Does Safari show this warning on leaving the page as well as refreshing it? I
don't believe that the difference between reloading and leaving, or the fact
that the browser does its own dialog thingy, is detectable by JavaScript.

Yes, I realize that these limitations apply to using HTML+CSS+Javascript to improve on web browsers' native functionality.

So we may have to resort to browser sniffing to try restrict this added feature to situations where it's not already present. Certainly we should stop trying to override Safari's native capability.

Should a website be trying to modify a browser's standard behaviour at all? If your browser lacks text-editing safeguards, then switch to a better browser or build an extension to improve it. But WikiMedia shouldn't be adding “new features” that hamper the way my chosen browser already works.

EN.WP.ST47 wrote:

Changing platform to All/All and web browser to Apple Safari, fixes that have been suggested include disabling the warnings for Safari only or for all browsers, but since most discussion has been around Safari I'll leave it at that.

iano wrote:

(In reply to comment #2)

FYI, this problem with keyboard shortcuts for "Previous Page" on Safari (now 5.1.7) remained a problem on en.wikipedia.org until sometime within the last few weeks. Now it works as expected! Was there an update to Wikipedia's MediaWiki or the Vector scripts within that timeframe?
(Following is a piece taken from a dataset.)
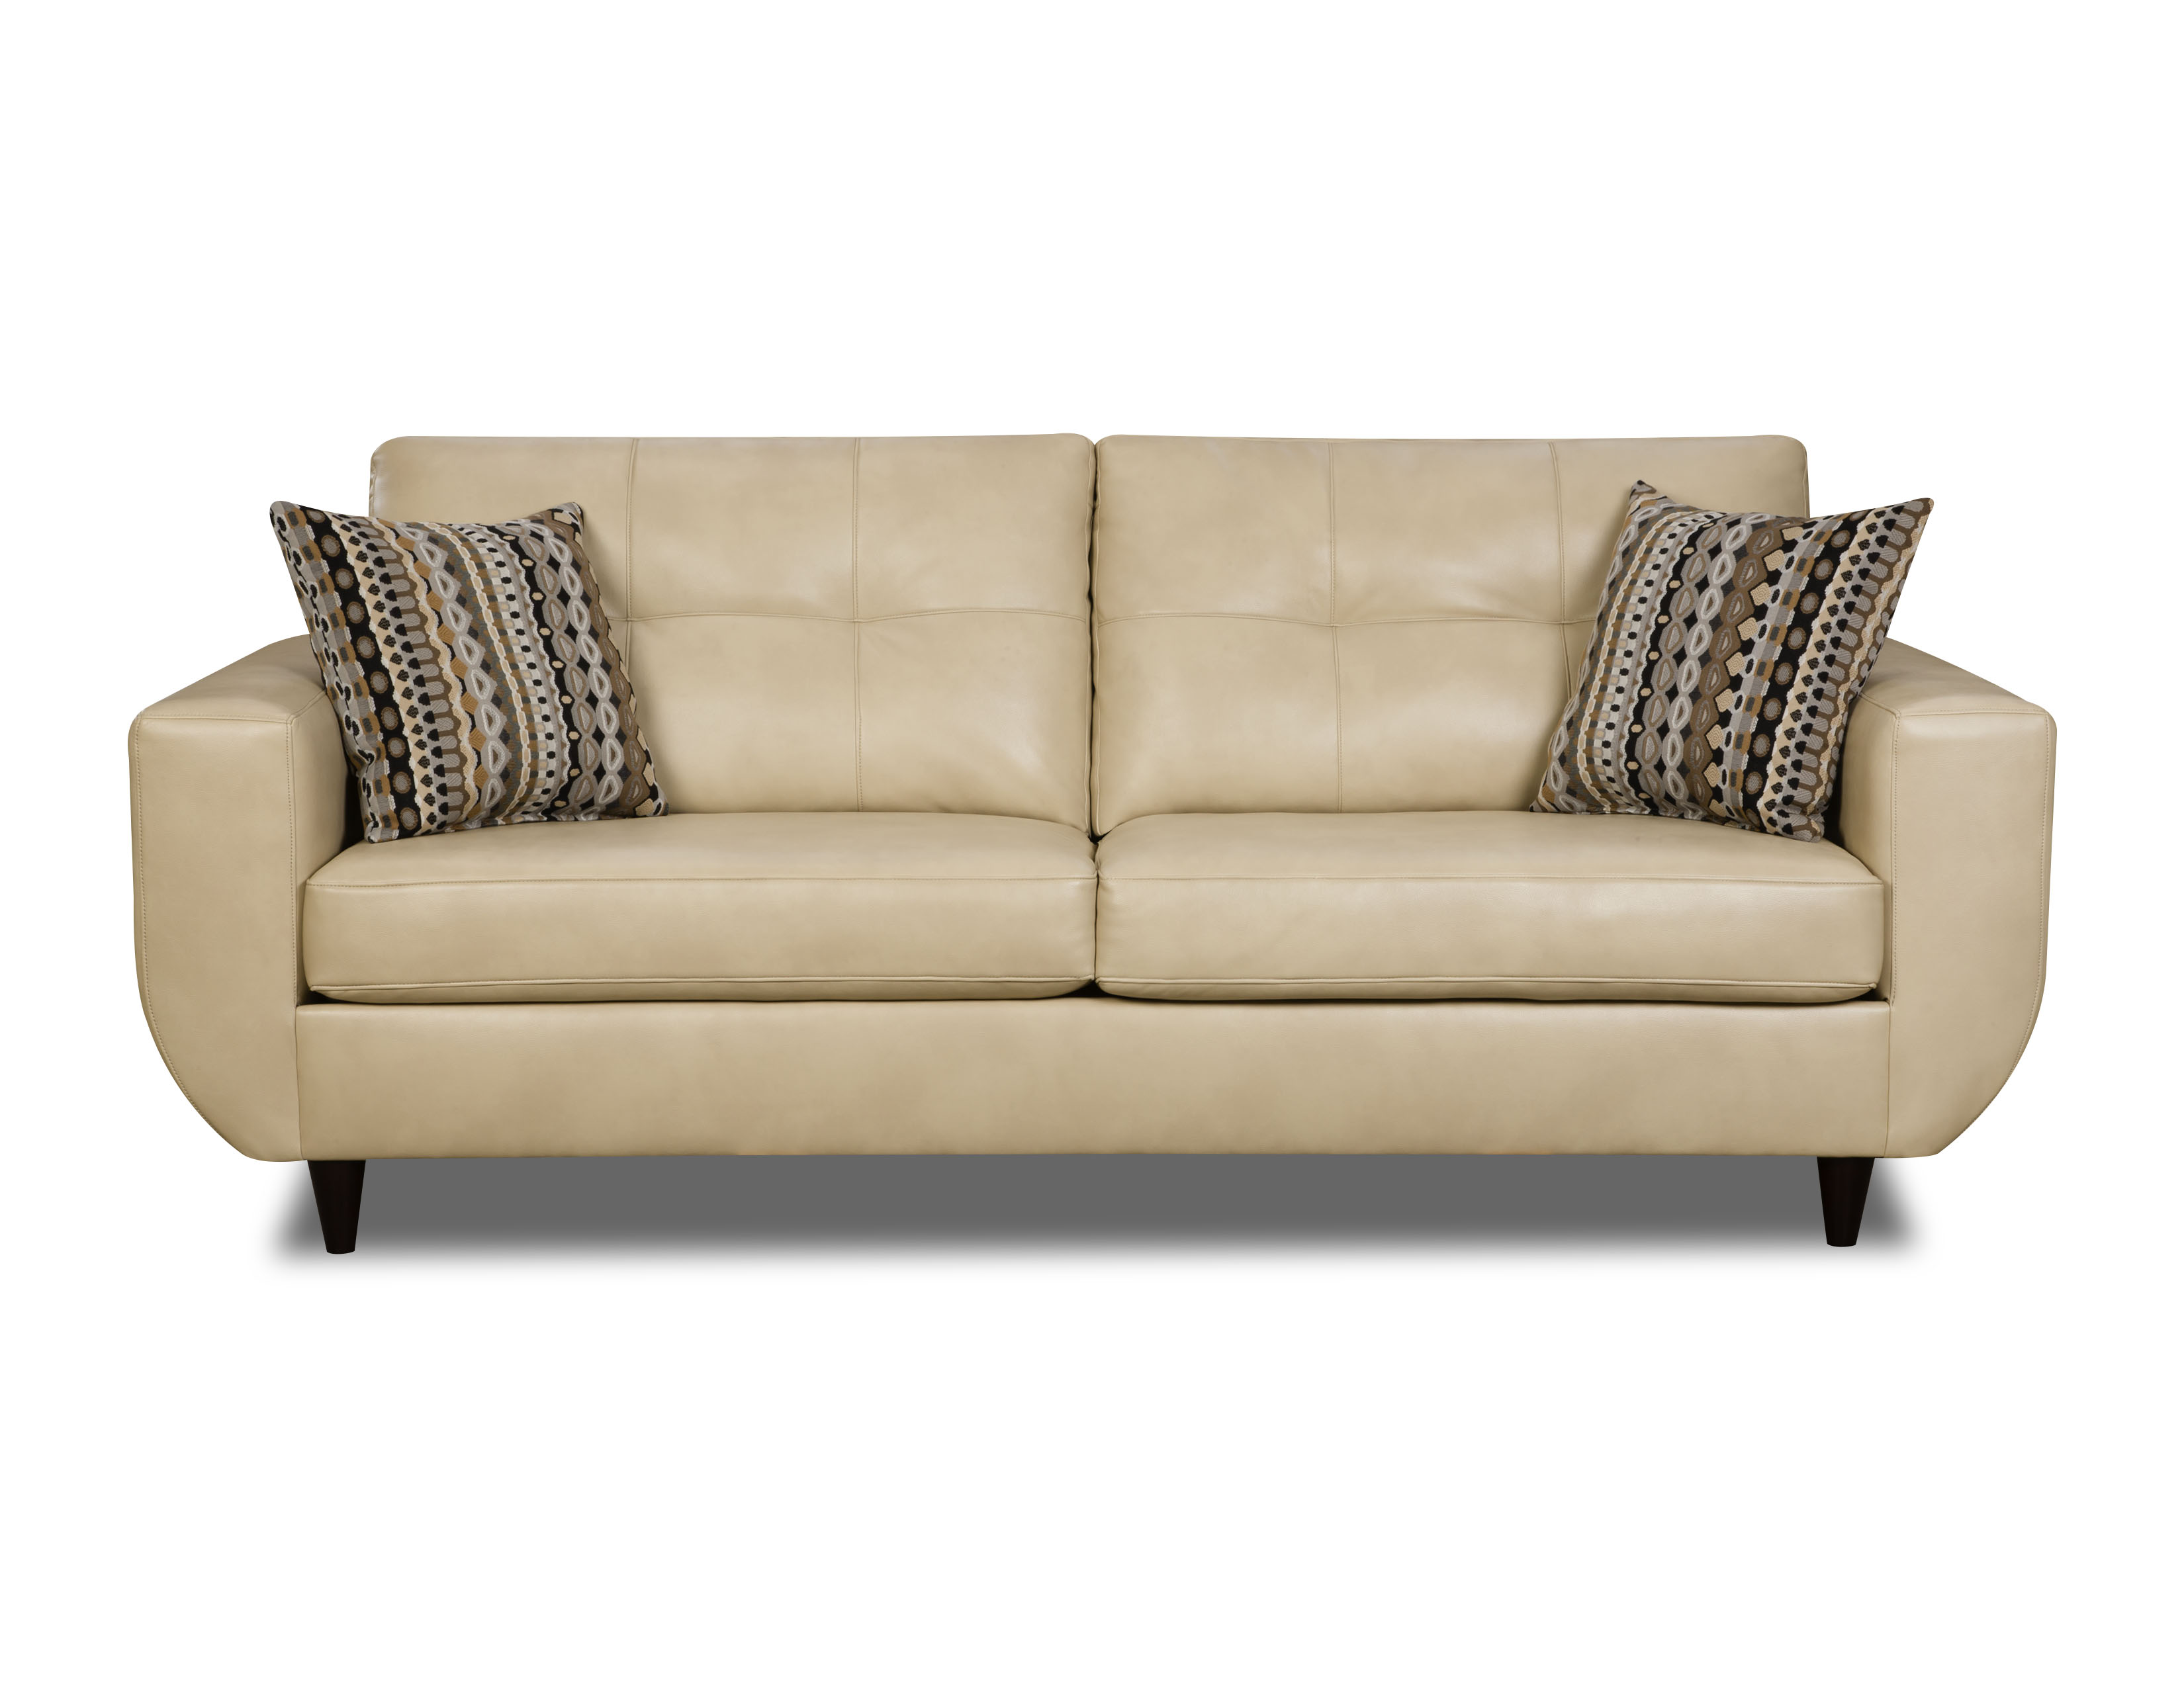 Leather Sofa Under 500

That means that the bug described in this report does not appear anymore?

iano wrote:

Ugh, the bug is still there. In my flailing around a year ago, I finally got the bug to go away by checking Preferences > Search > Display Options > Disable search suggestions. I forgot that that setting had changed when I made my last comment.

When I uncheck that setting (i.e. reset to default prefs), I still get the behavior as described before. I am now on OS X 10.7.5, Safari 6.0.5, still using the Vector skin, tested on en.wikipedia.org. Also, get same behavior whether or not "Enable simplified search bar" is enabled. To be explicit, all testing has been done with default prefs if not otherwise indicated.